> **TASK STATEMENT**
Pictures are to be left out, and only the lines below starting at the one with "La historia de" and ending at the one with "Kostenlose Foto Holz" are to be reproduced, each exactly, both ends included.

++++ RECORDS TO USE

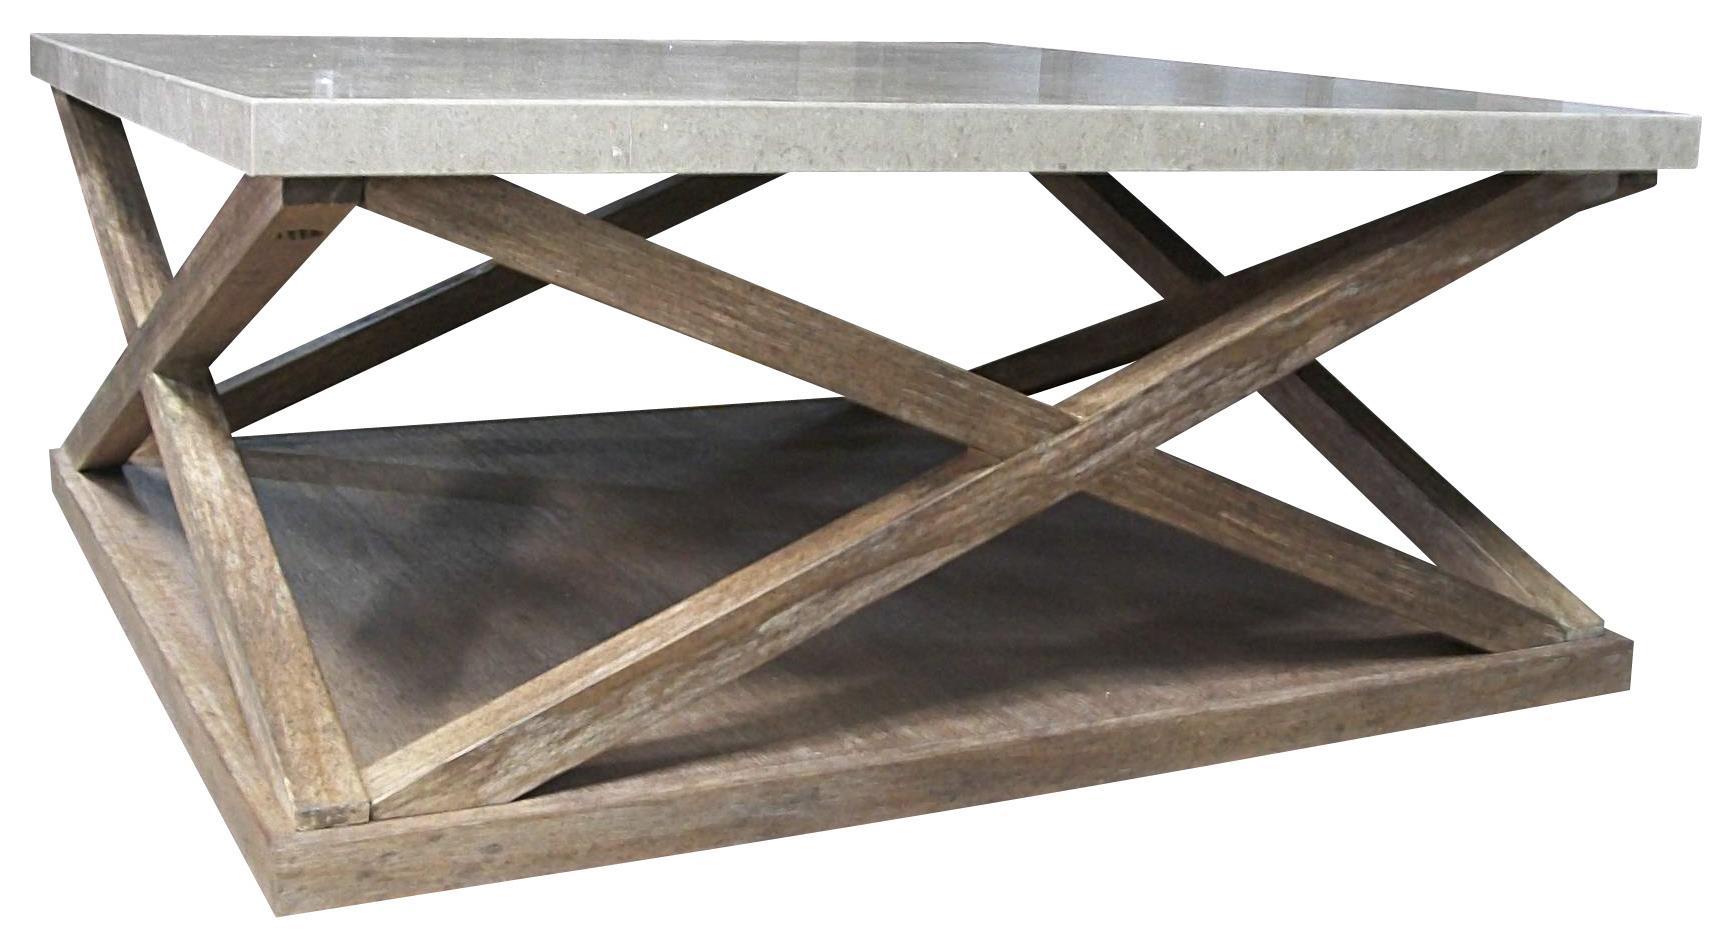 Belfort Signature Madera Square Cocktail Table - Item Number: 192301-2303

++++++++
++++ RECORDS TO USE

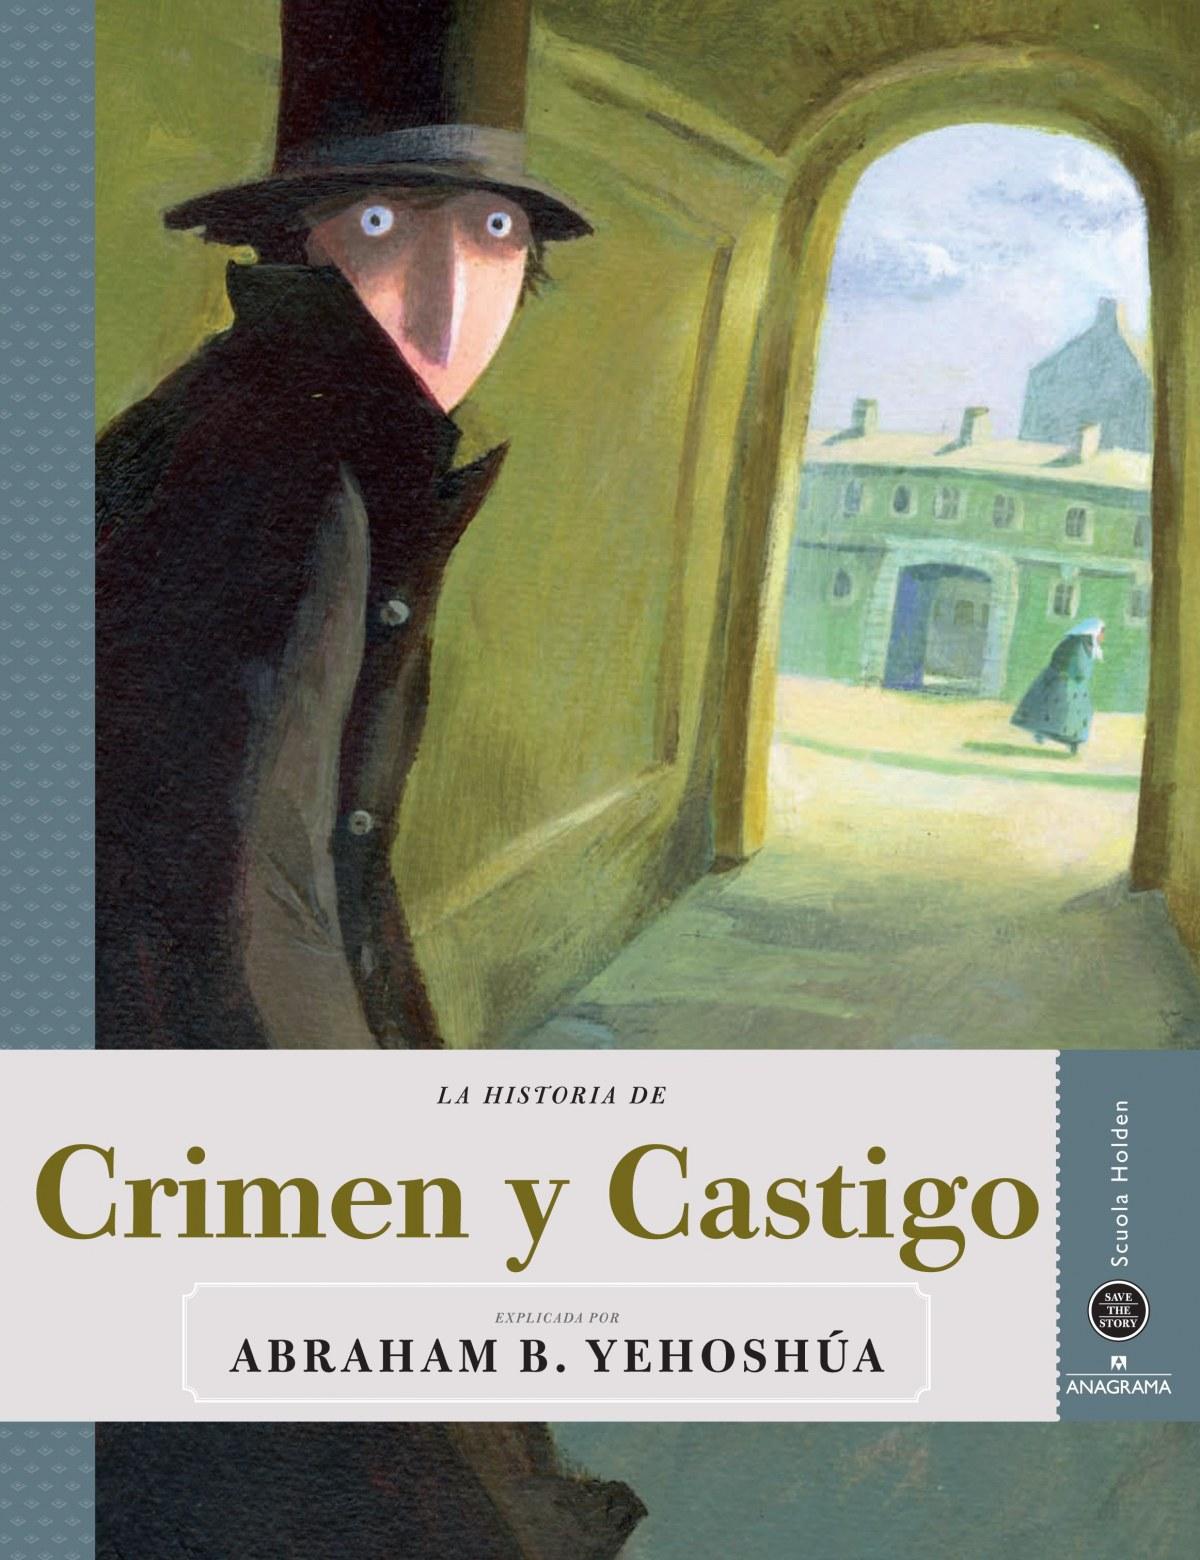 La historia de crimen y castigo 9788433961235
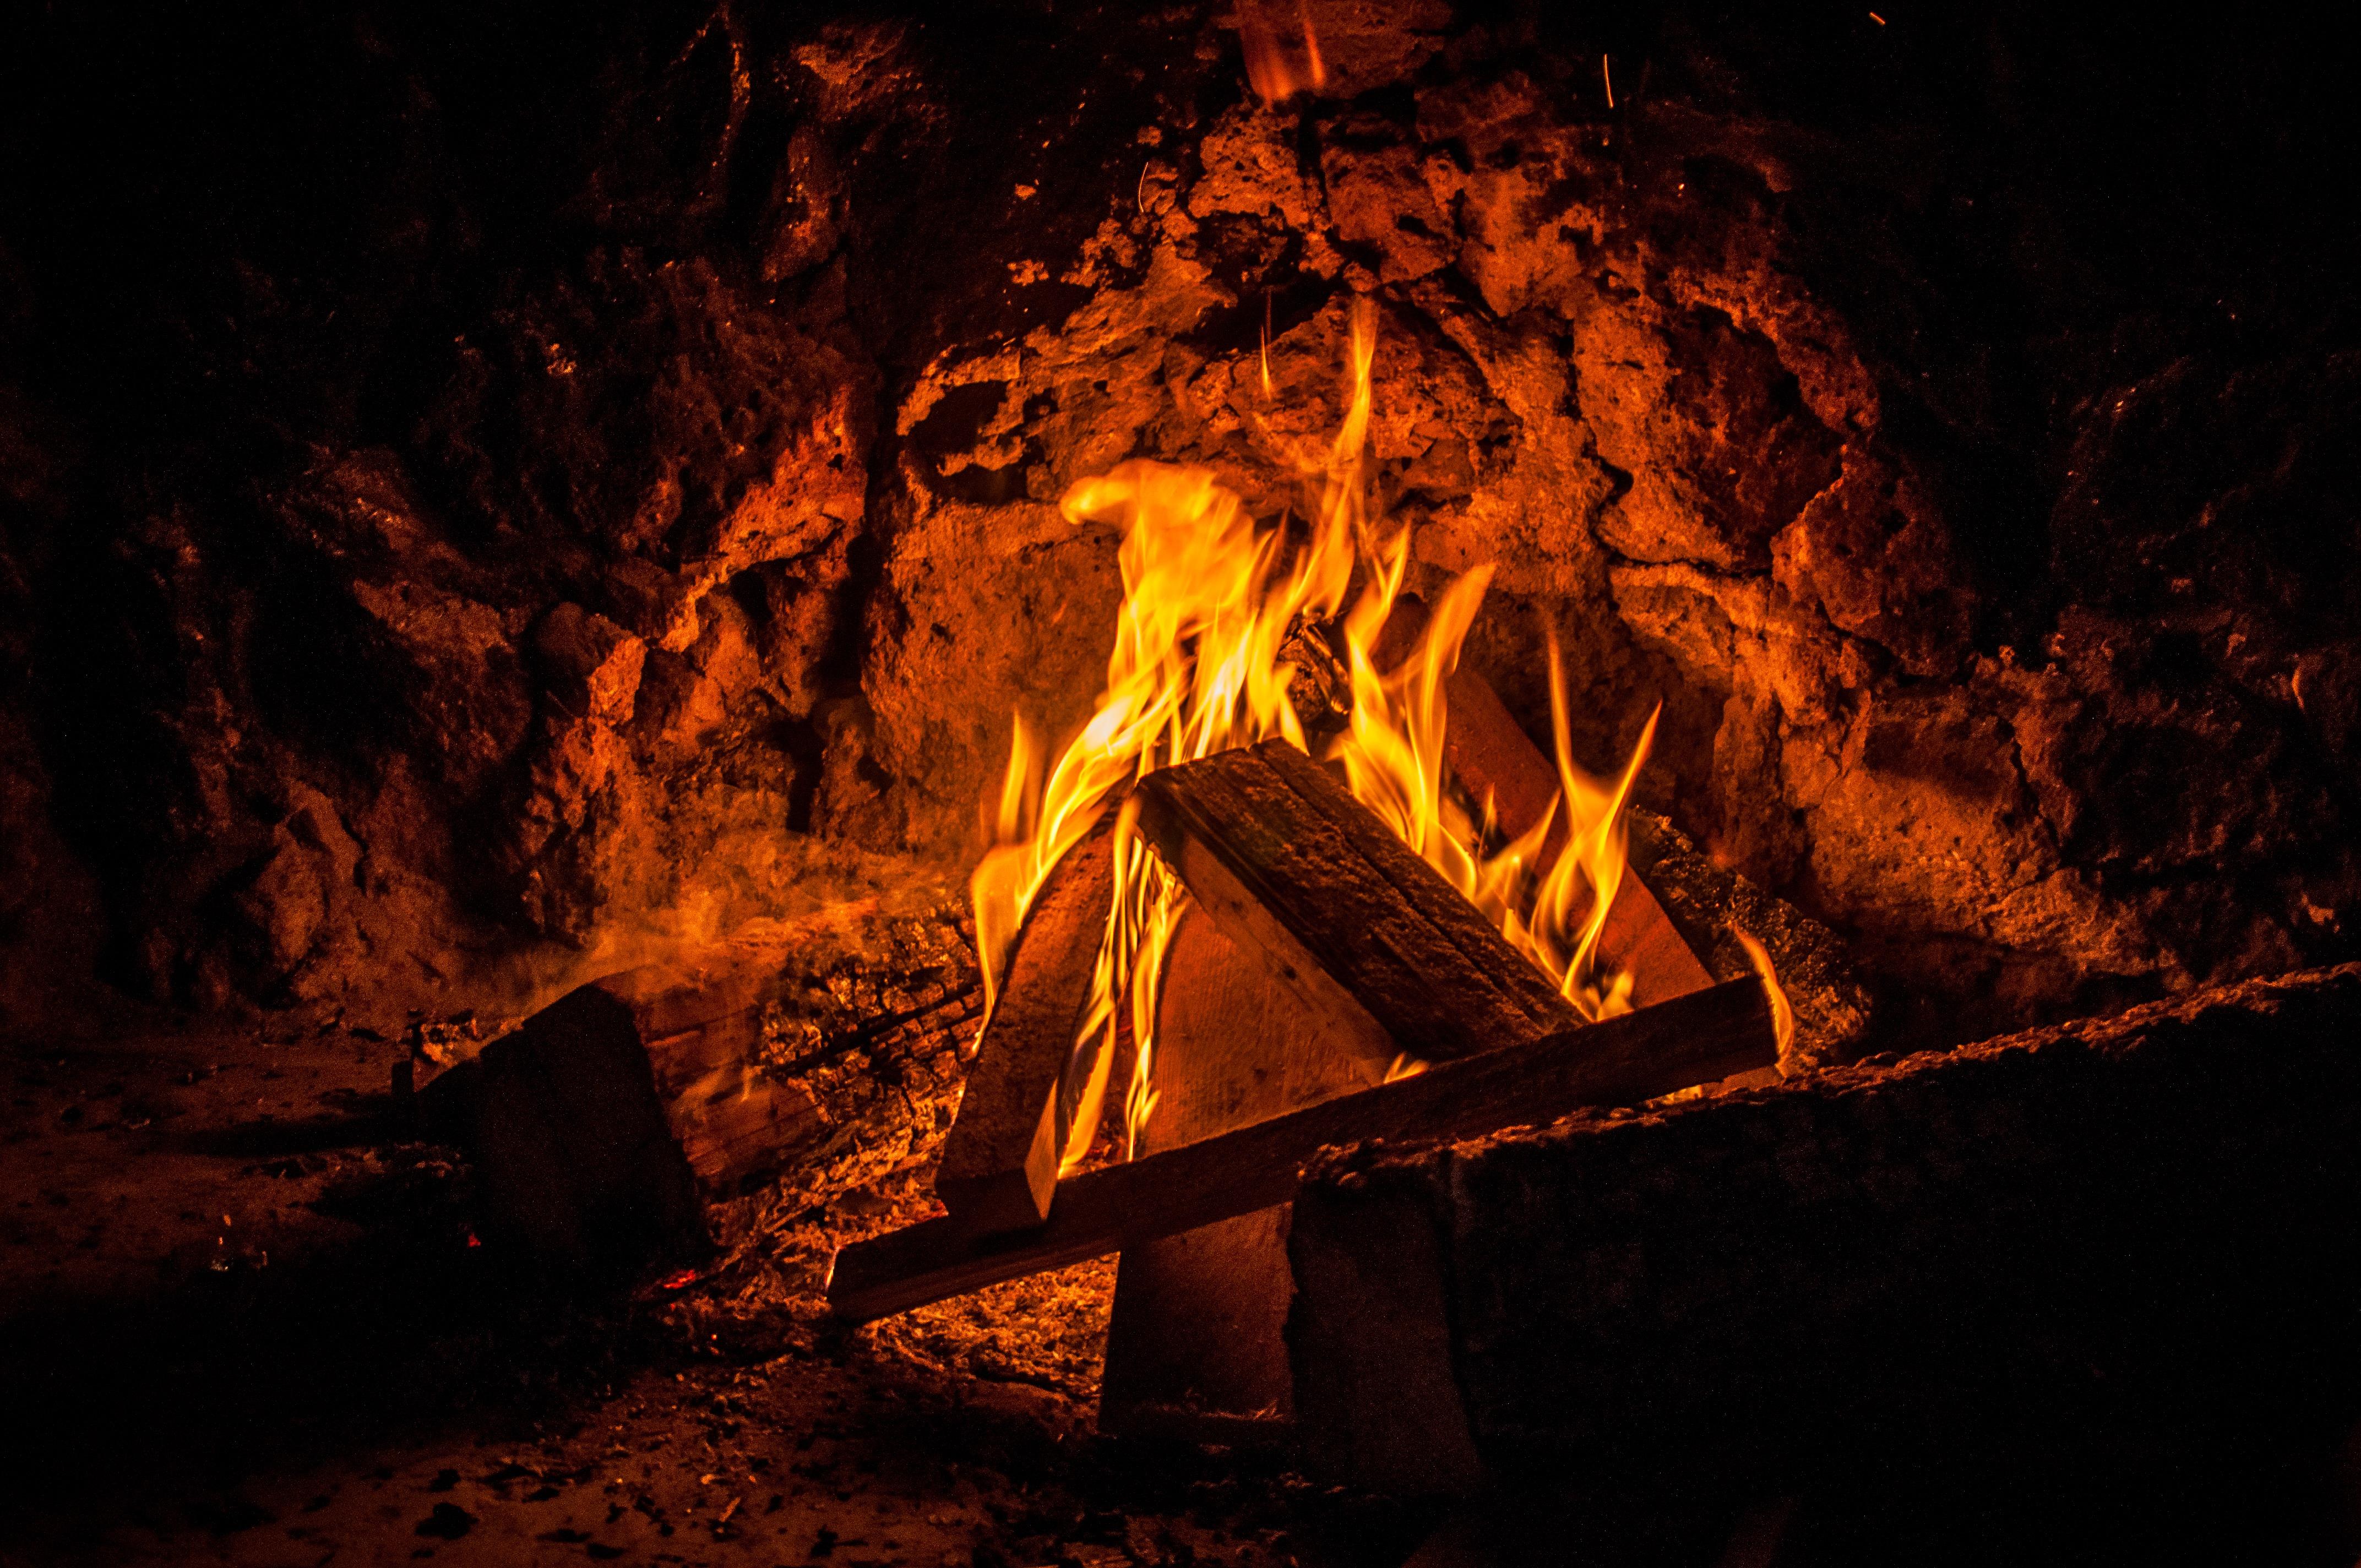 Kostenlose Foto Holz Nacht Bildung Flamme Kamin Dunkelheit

++++++++

> **SOLUTION TO THIS TASK**
 La historia de crimen y castigo 9788433961235
 Kostenlose Foto Holz Nacht Bildung Flamme Kamin Dunkelheit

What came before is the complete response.